Repeat the listing verbatim. Drop any pictures.

• _DATA_
════════════════════

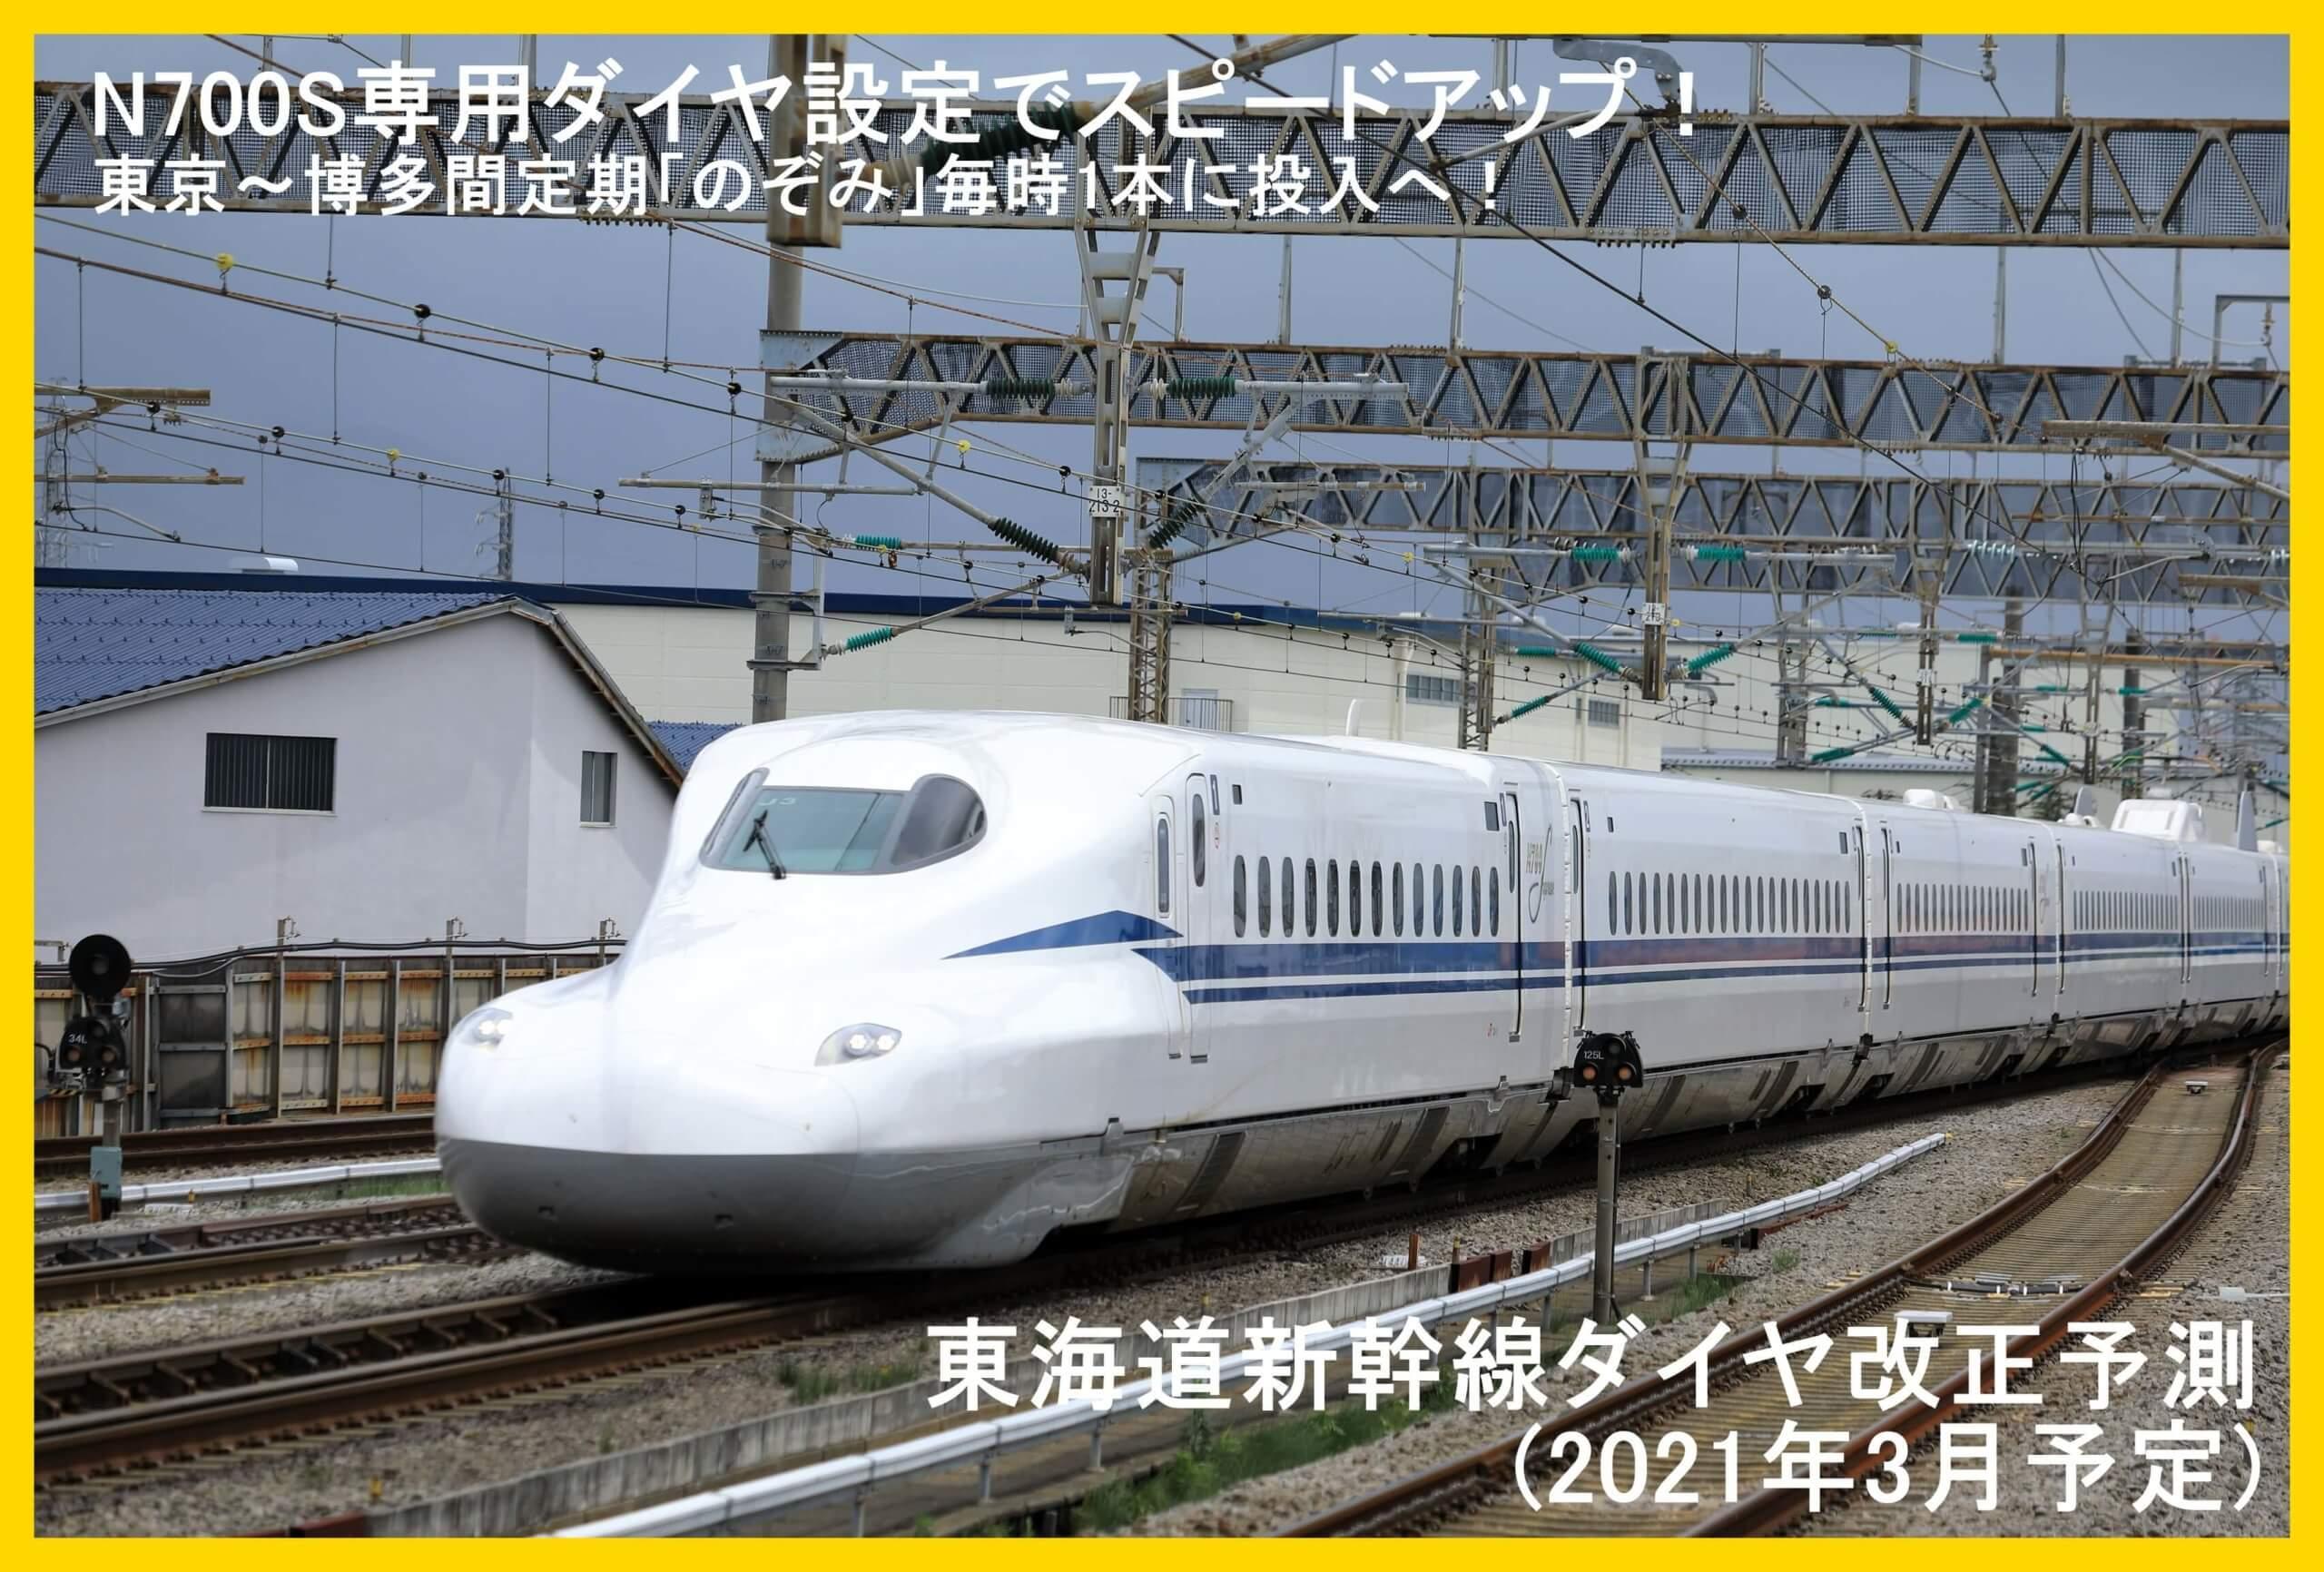 N700S専用ダイヤ設定でスピードアップ! 東海道新幹線ダイヤ改正予測(2021年3月予定)
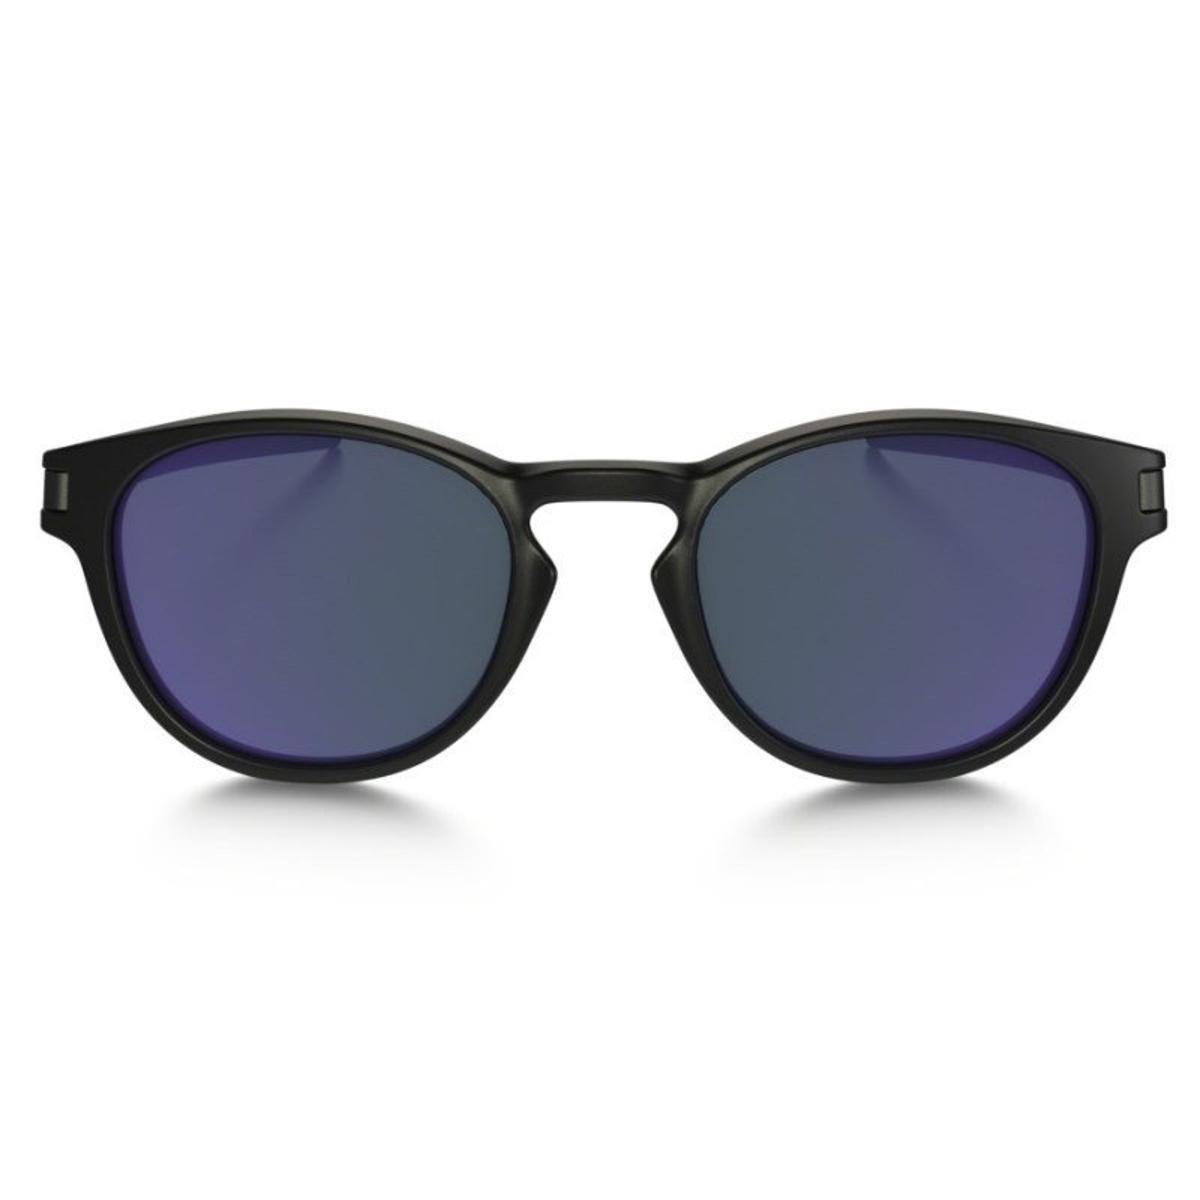 958f595dfbb24 Óculos Oakley Latch Matte Black   Violet Iridium - Preto e Lilás ...
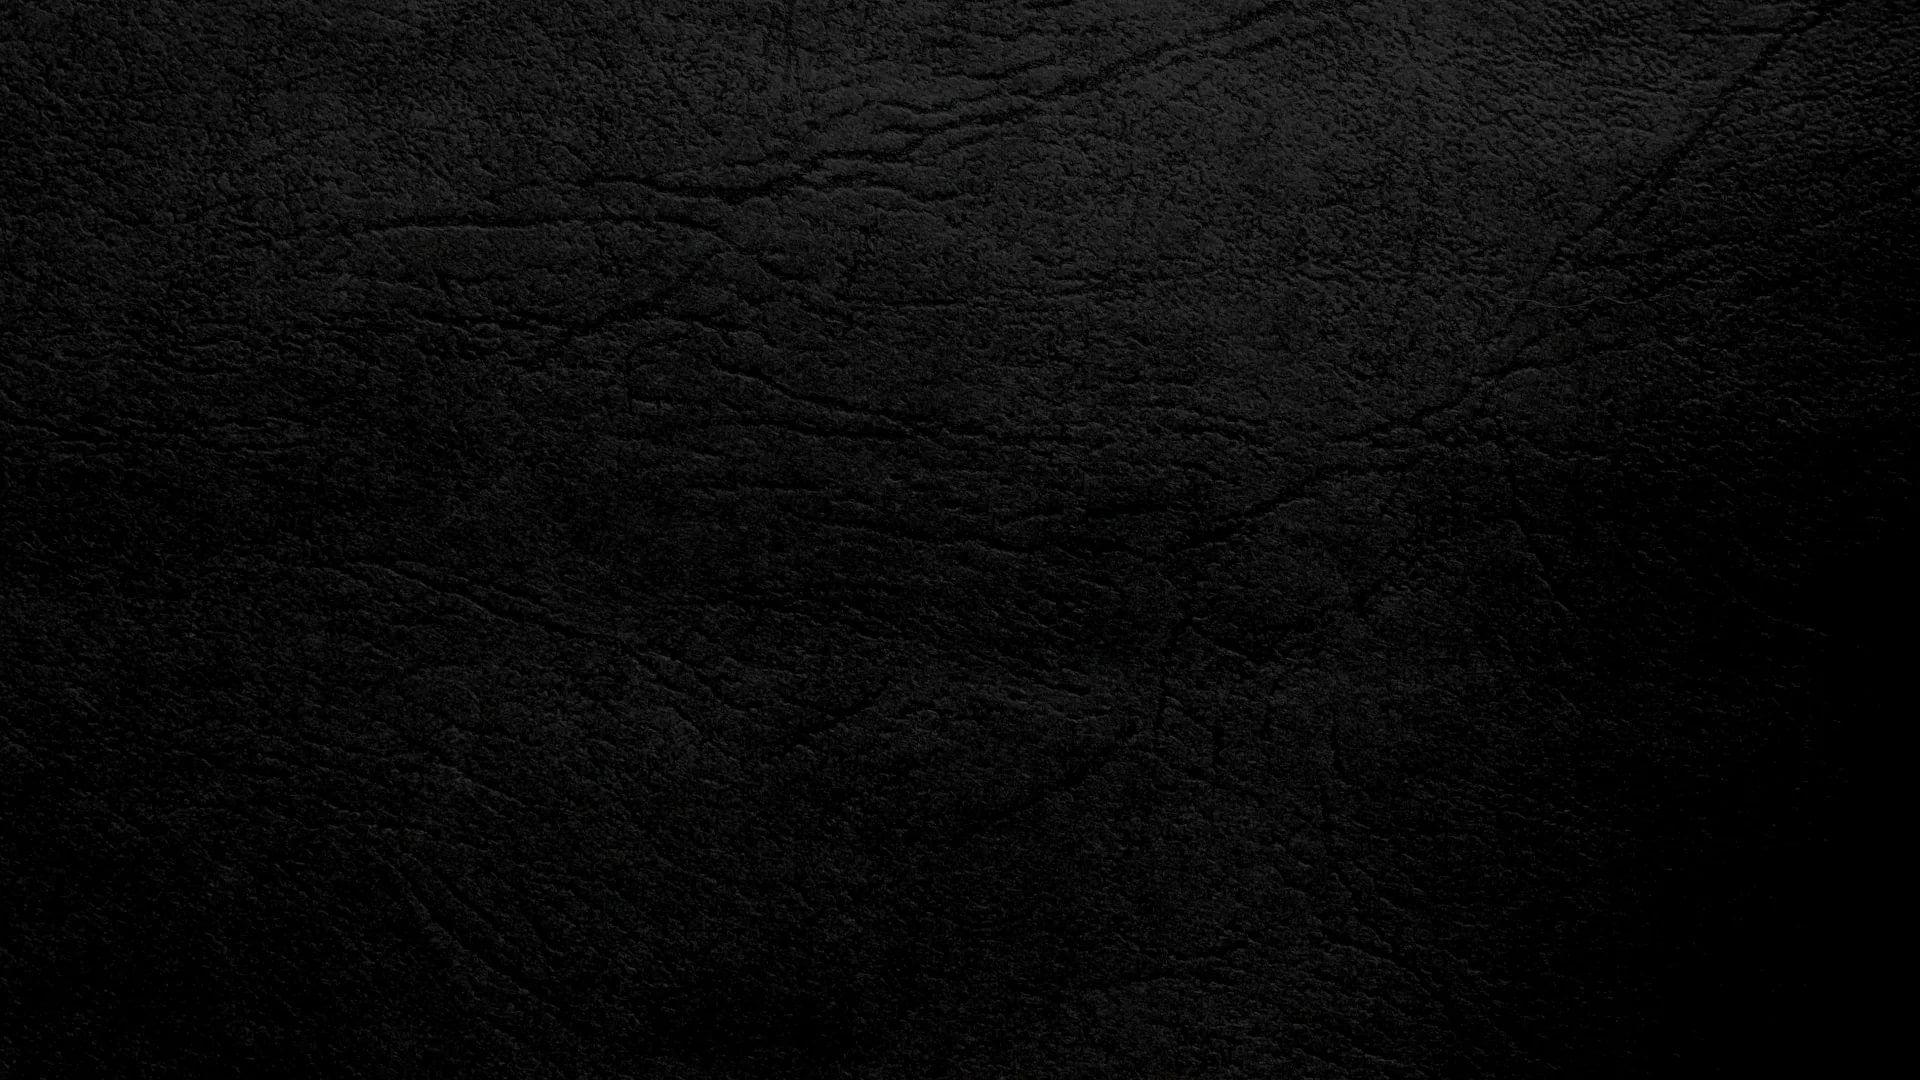 Plain Black hd wallpaper for laptop

════════════════════

• _ANSWER BOX_
 N700S専用ダイヤ設定でスピードアップ! 東海道新幹線ダイヤ改正予測(2021年3月予定)
 958f595dfbb24 Óculos Oakley Latch Matte Black   Violet Iridium - Preto e Lilás ...
 Plain Black hd wallpaper for laptop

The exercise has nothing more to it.